Парсел недоуменно наморщил лоб. Дайлинг улыбнулся, обменялся с молодым человеком рукопожатием: – Господин Раджан, помощник редактора влиятельной ежедневной газеты "Индепендент Геральд". Единственный сын владельца банков, судоверфей, металлургических и прочих заводов, фирм, синдикатов и компаний, носящих имя "Раджан и сын". Мисс Беатриса Парсел. Мистер Джерри Парсел.

Здороваясь, девушка энергично тряхнула руку Раджана.

Мужчина же едва прикоснулся к его пальцам. При этом пристальный взгляд его сине-серых глаз оценивал, ощупывал, взвешивал: "Что ты за человек? И стоит ли на тебя тратить хоть минуту времени?" Глаза девушки были удивительно похожи на глаза отца. Такие же сине-серые. Может быть, несколько больше. И, вместе с тем, совершенно другие. В них не было ни физически ощутимой тяжести, ни мгновенно вспыхивавшей и тотчас гаснувшей цепкой настороженности, ни мудрого скепсиса. И, тем не менее, они поразили Раджана: ему показалось, что в глазах Беатрисы столько жизни и света, что он невольно опустил свои глаза.

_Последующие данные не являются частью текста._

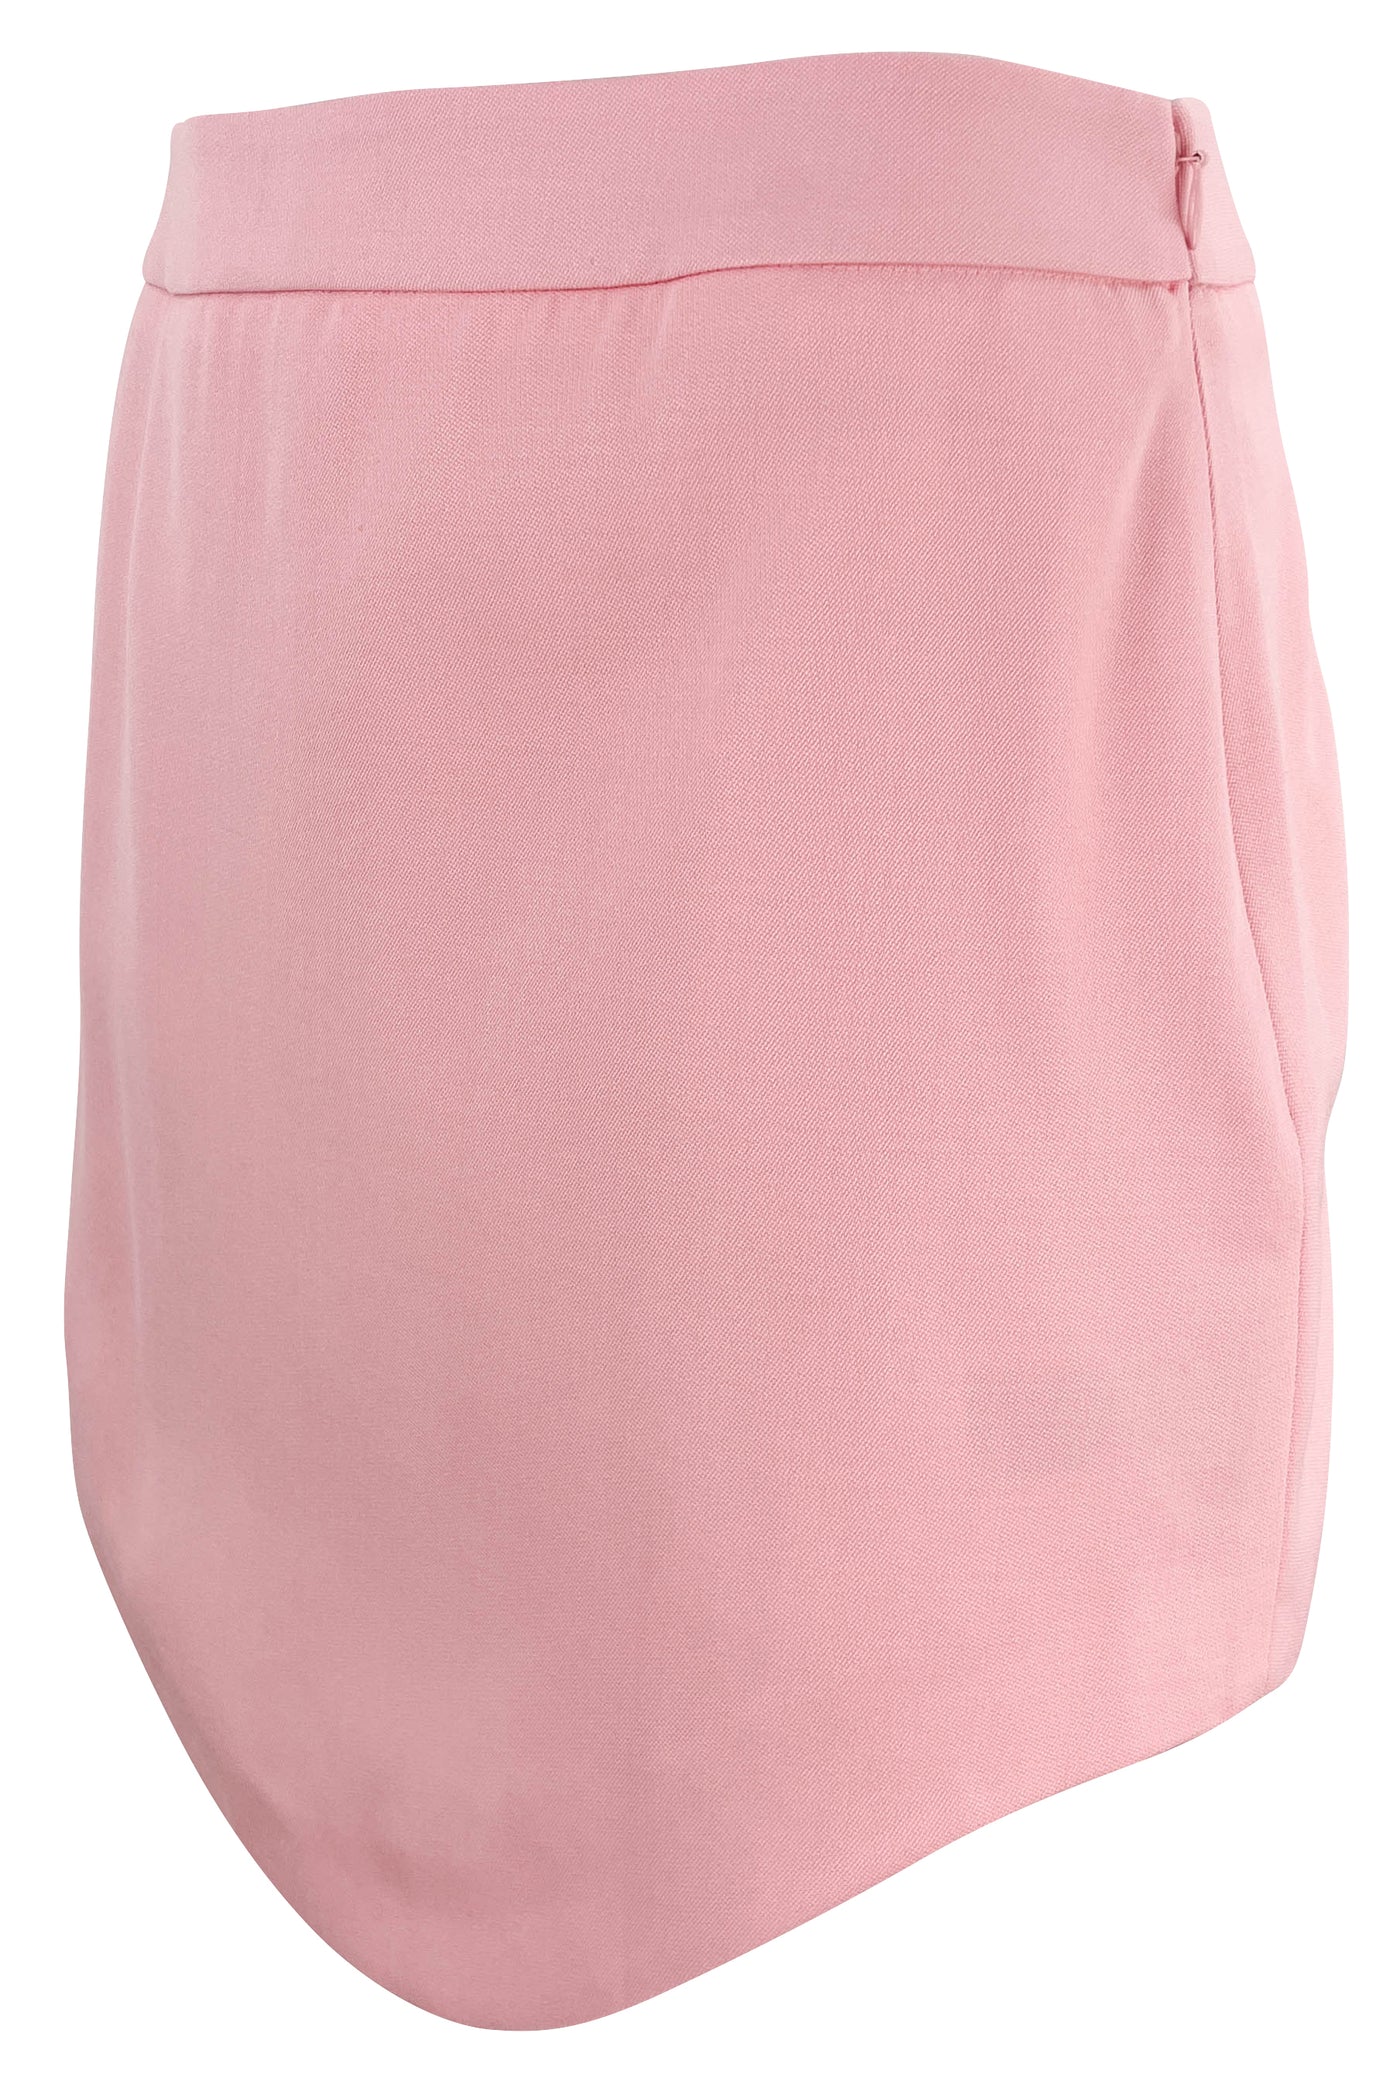 Casablanca Wool Mini Skirt in Pink - Discounts on Casablanca at UAL

В общем-то, перед ним стояла девушка как девушка – чуть выше ростом, чем ее невысокий отец, чуть ниже, чем высокий Дайлинг. девушка как девушка, со вздернутым носом, с копной соломенных волос, длинноногая. Раджан ничего этого не заметил. Он видел лишь ее глаза, и ощутил какое-то смутное беспокойство, тревогу. Повернувшись к Джерри Парселу, он спросил: – Не могли бы вы, сэр, поделиться с читателями нашей газеты впечатлениями о вашей поездке в Индию?

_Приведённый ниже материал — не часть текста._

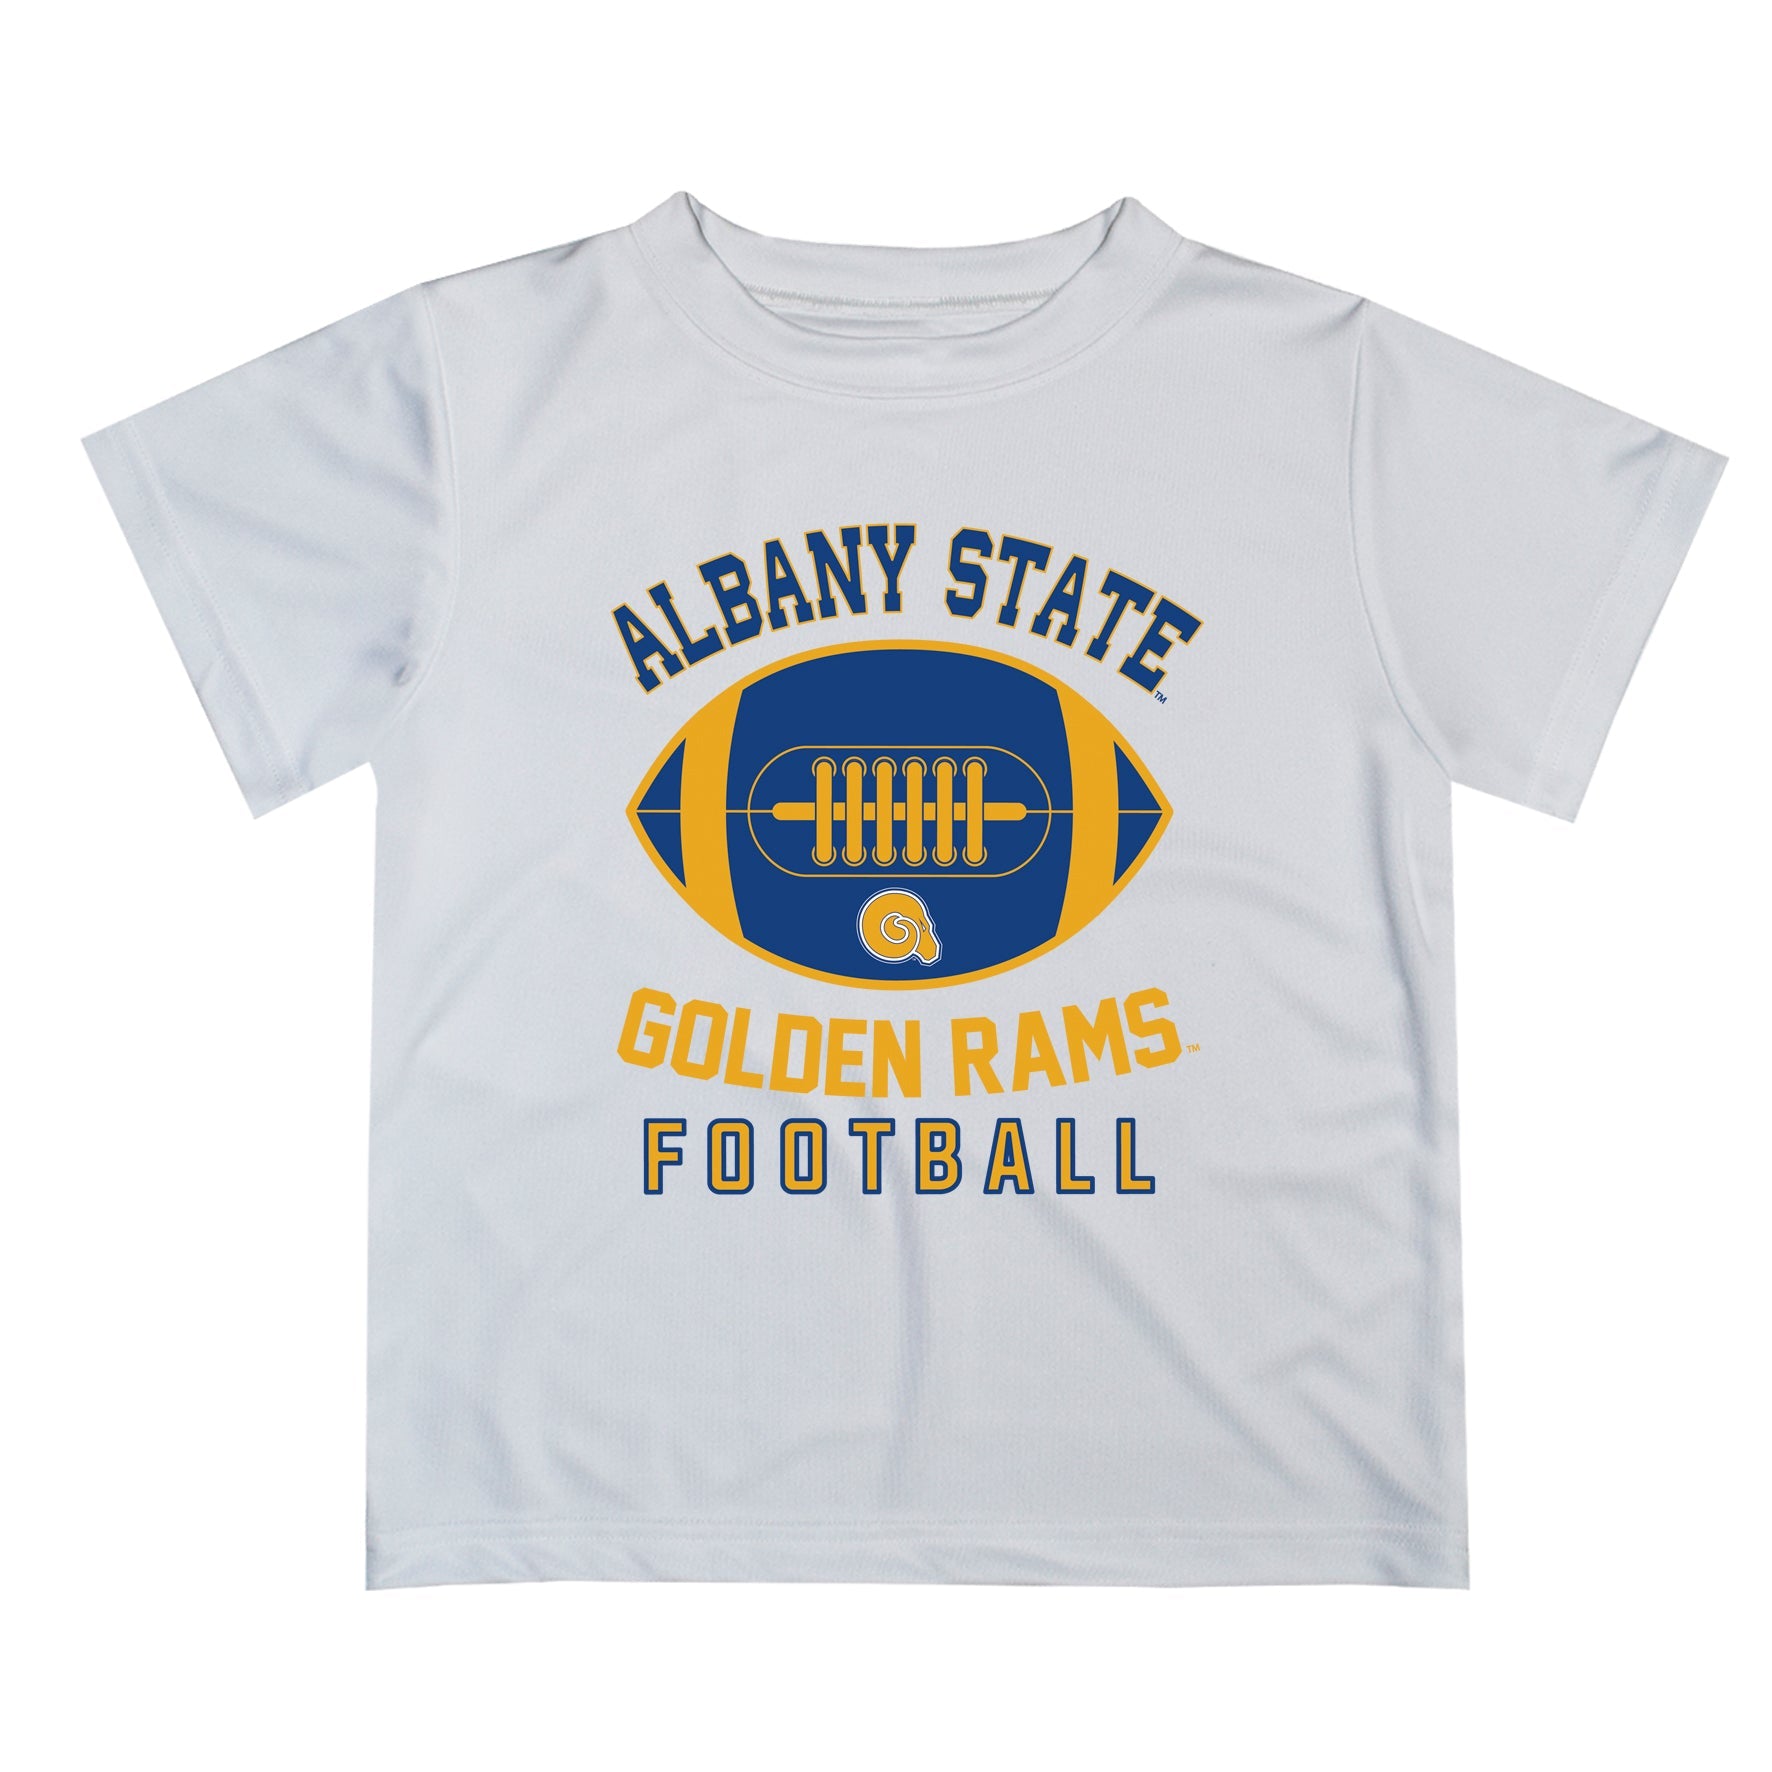 Vive La Fete Collegiate Albany State Rams Football White Short Sleeve Tee Shirt by Vive La Fete, White / Youth - M

– Я здесь нахожусь как частное лицо, и мои впечатления вряд ли представят какой-либо общественный интерес, – Парсел достал из кармана сигару, закурил.

– Читатели его газеты очень любят, когда свои точки зрения высказывают как раз частные лица, – усмехнувшись, сказал Дайлинг. – Ну, например, весьма уместной была бы статья "Долларовые вложения в экономику Индии". Или, скажем, такая: "Завод в Бхилаи – дракон или мессия?" – На двадцатой полосе у нас регулярно идет колонка "Говорят иностранные туристы", – невозмутимо продолжал Раджан. Можно поместить ваши мысли и наблюдения, касающиеся скальных храмов эпохи средневековья и раннего Ренессанса. Сорок строк плюс портрет.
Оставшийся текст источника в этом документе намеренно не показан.